Volume gestuurd / Volume control
Tijdens de inspiratie bij een volume gestuurde modus waarin de flow en volume wordt gecontroleerd door de ventilator, leidt de toename van de weerstand (R) tot een toename van het verschil tussen de alveolaire druk (de donkerrood gestippelde lijn in de drukcurve; waarbij dit eind-inspiratoir overeenkomt met de plateaudruk) en de luchtweg druk (rode lijn). Dit verschil heb ik aangegeven met de lichtrode pijlen.
In de expiratie vermindert de toename in R de maximale expiratoire flow (dronker groene pijlen) en verhoogt het de tijd die het ademhalingssysteem nodig heeft om volledig uit te ademen (licht groene pijl) 1. Dit heeft te maken met de relatie van weerstand en de tijdconstante van het respiratoire systeem.

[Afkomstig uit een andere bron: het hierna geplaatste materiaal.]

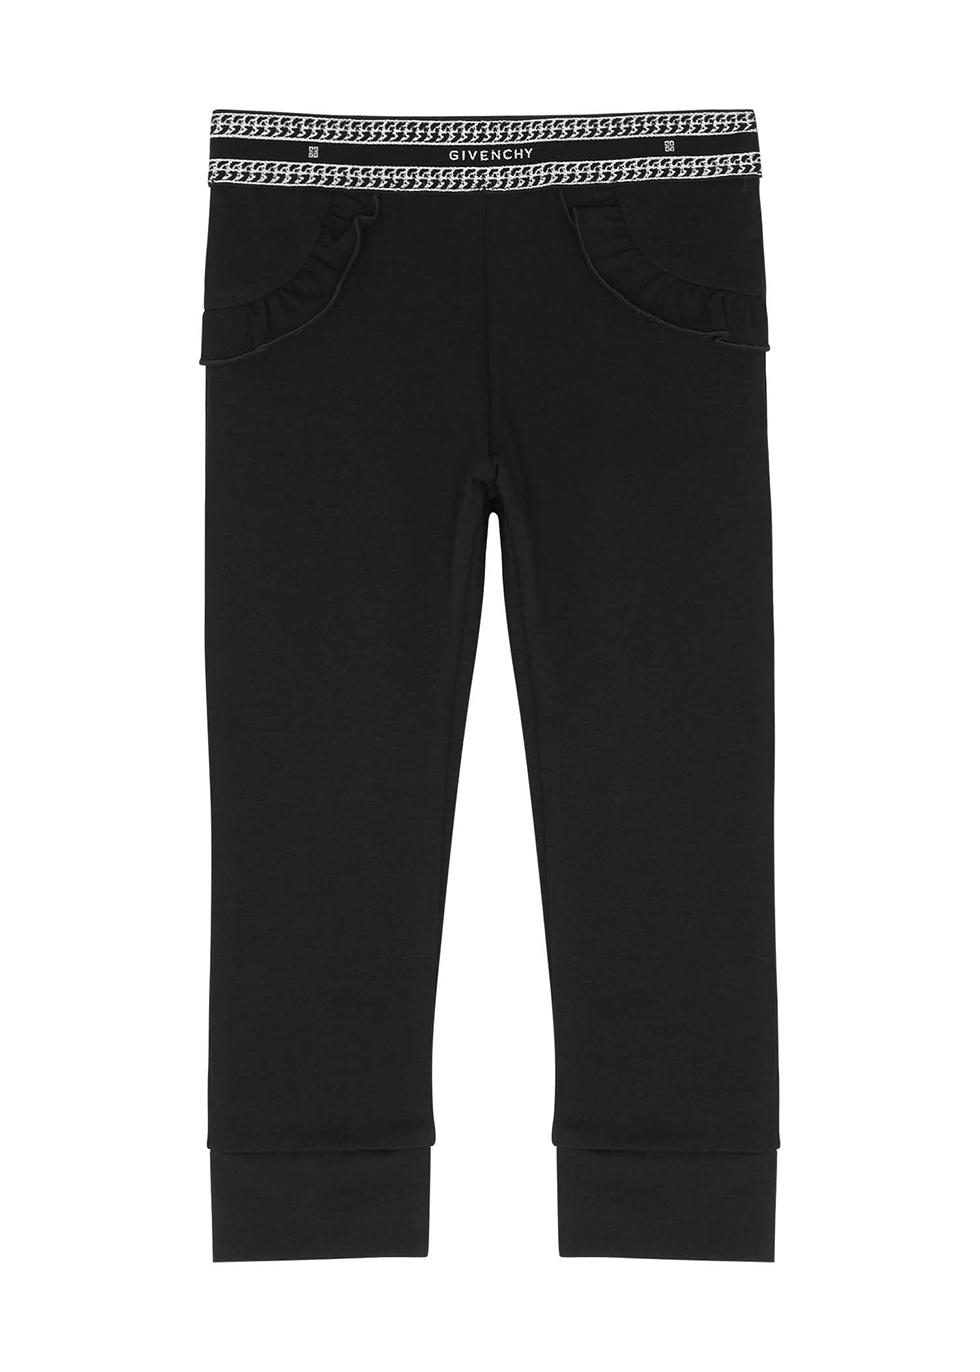 Black logo cotton-blend leggings (24-36 months)

Druk gestuurd / Pressure Control
Bij een druk gestuurde modus waarbij de inspiratie druk gecontroleerd is zal de toename in R leiden tot een afname van de inspiratoire en expiratoire flow (zie de groene flowcurve).
- De tijd die nodig is om de inspiratie en expiratie te voltooien neemt toe.
- Daardoor kan de inspiratie en expiratie vroegtijdig worden afgekapt (lichtgroene pijlen) 1.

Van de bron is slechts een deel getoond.